Outro ponto assinalado em seu voto foi o de que os sindicatos ainda dispõem de múltiplas formas de custeio, como as contribuições confederativa e assistencial e outras instituídas pela assembleia da categoria ou por meio de negociação coletiva ."Mais ainda, a Lei 13.247/2017 ampliou as formas de financiamento da assistência jurídica prestada pelos sindicatos, passando a prever o direito dos advogados sindicais à percepção de honorários sucumbenciais", afirmou, lembrando que, na falta do sindicato, cumpre à Defensoria Pública prestar assistência judiciária no âmbito trabalhista."O trabalhador não ficará à deriva", concluiu" (destaquei).

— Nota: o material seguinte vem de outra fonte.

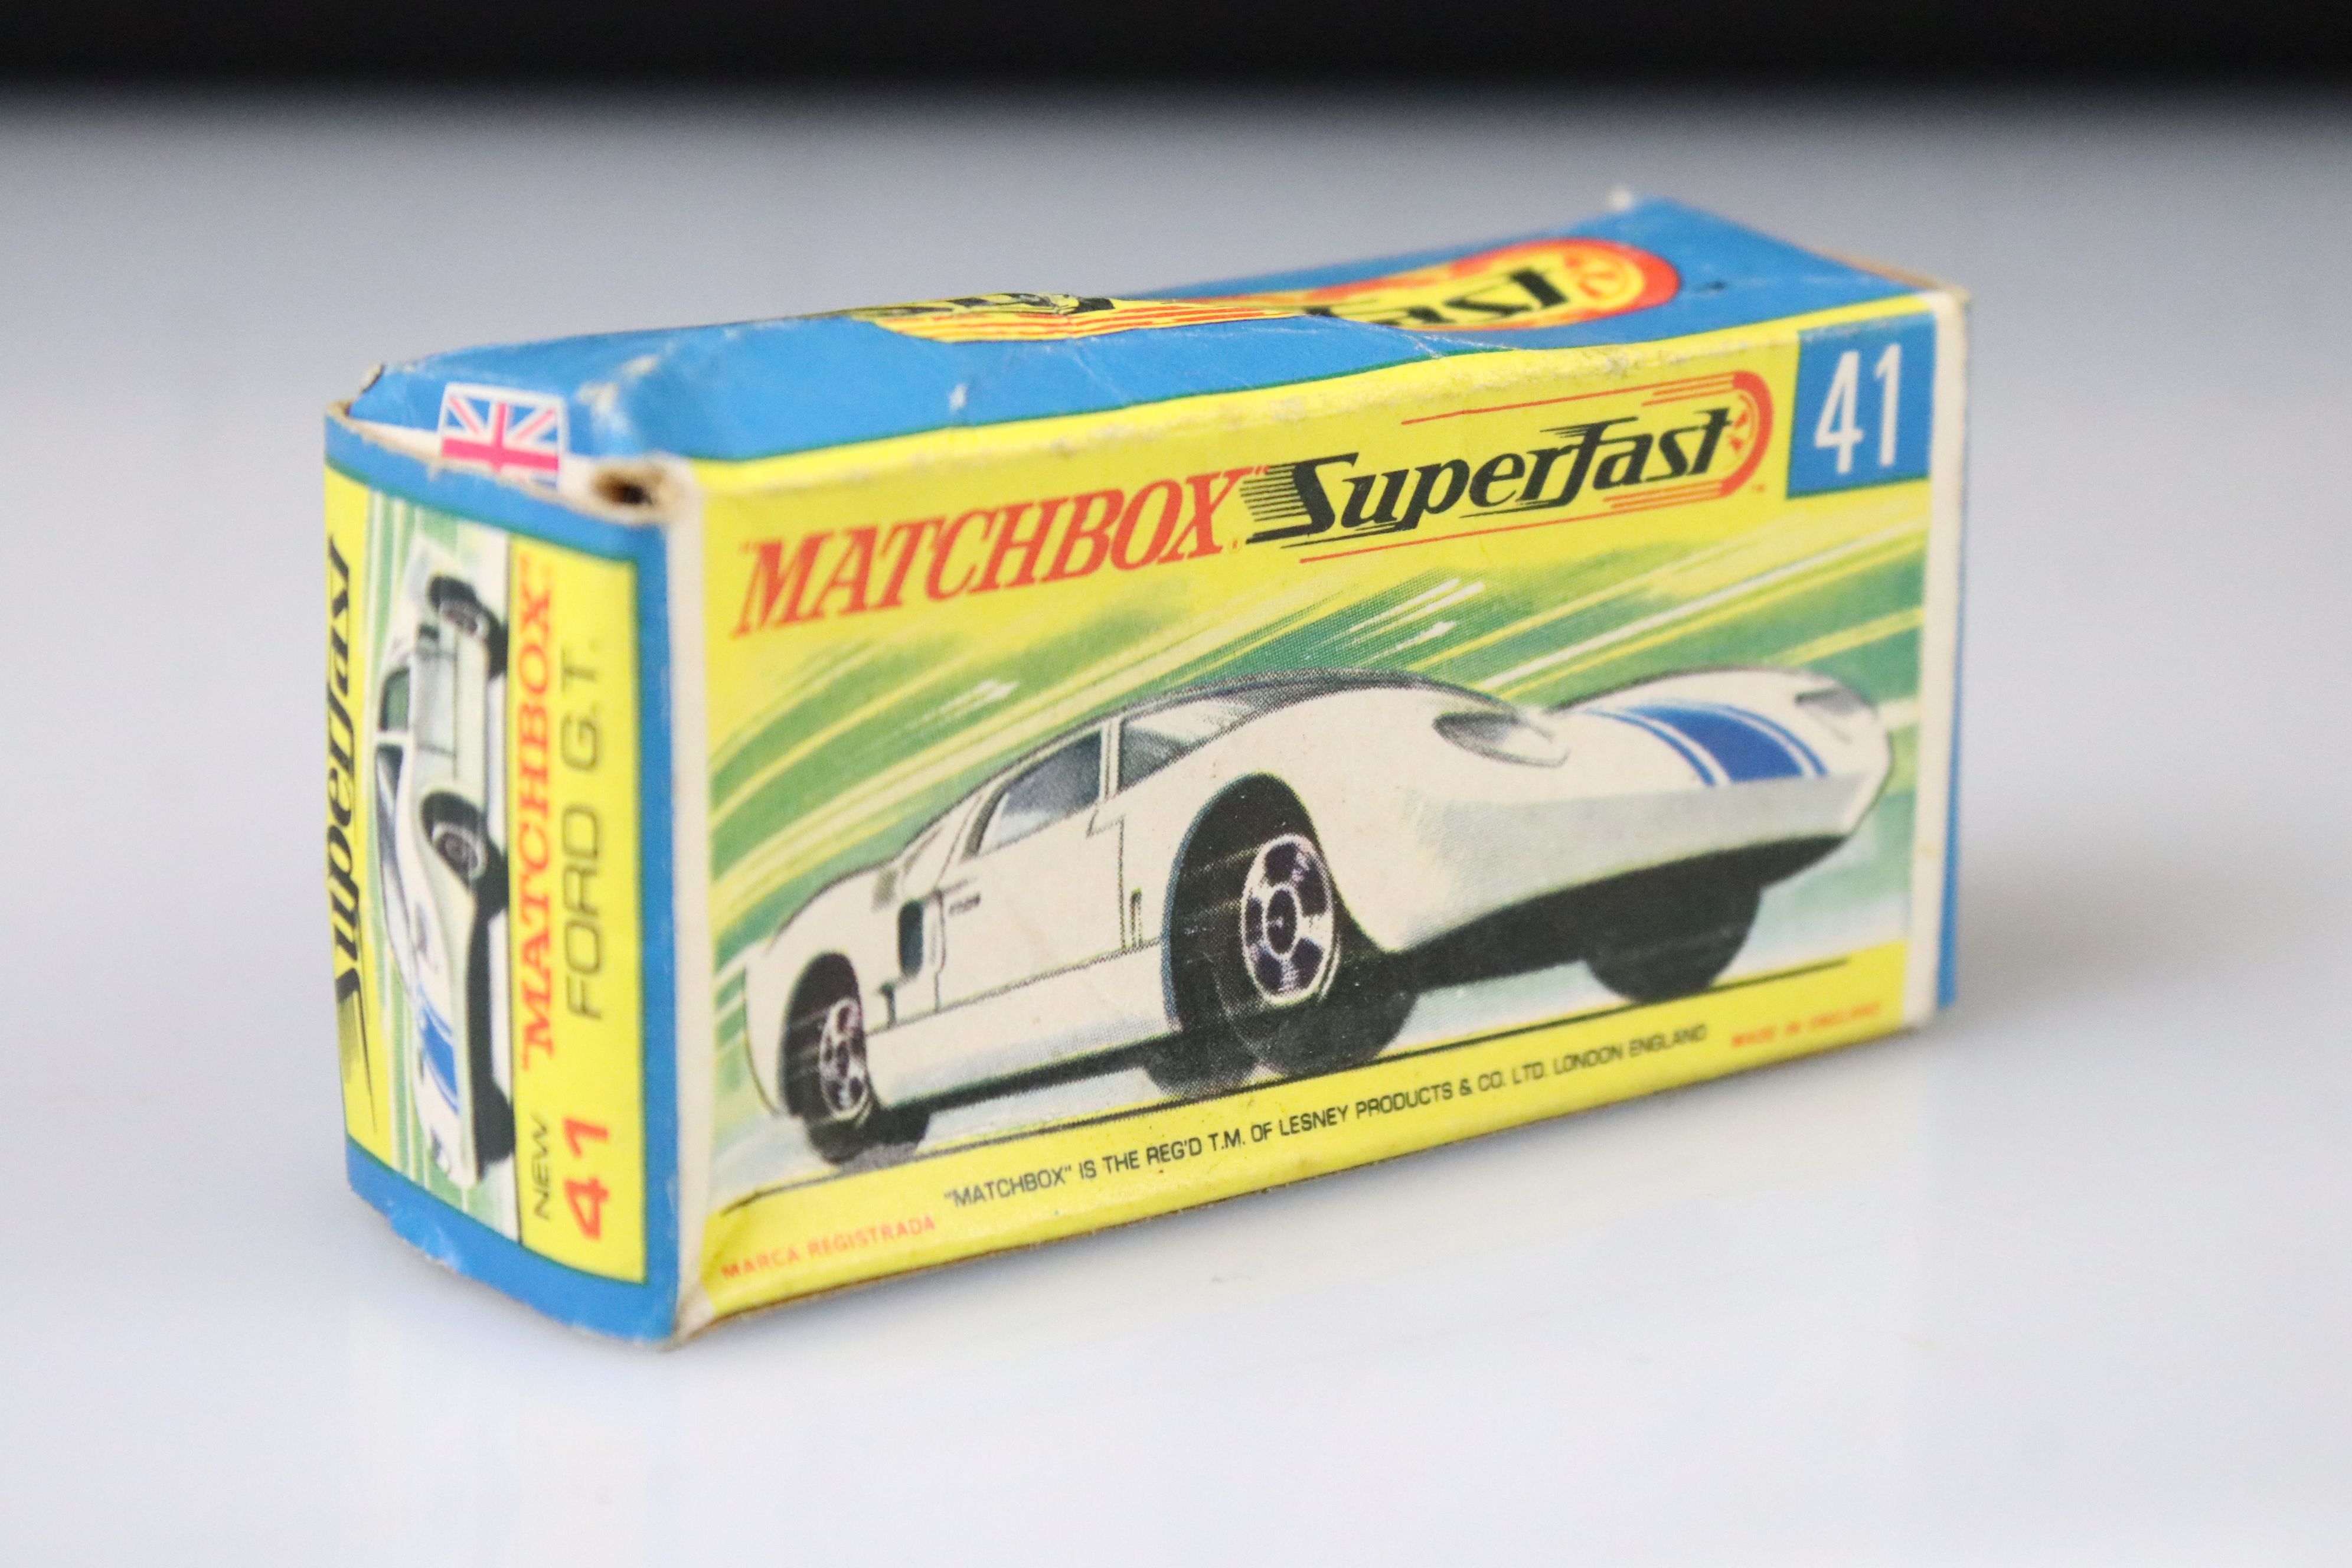 17 Boxed Matchbox Superfast diecast models to include 41 Ford GT, 29 Racing Mini, 57 Landrover - Image 50 of 53

Portanto, à luz do entendimento do Supremo Tribunal Federal, inviável cogitar de inconstitucionalidade, seja formal, seja material, da Lei n.º 13.467/2017 no que diz respeito à extinção da contribuição sindical compulsória.

Mantenho a sentença, ainda que por outro fundamento.

Presidiu o julgamento a Exma Sra. Desembargadora MAGDA APARECIDA KERSUL DE BRITO.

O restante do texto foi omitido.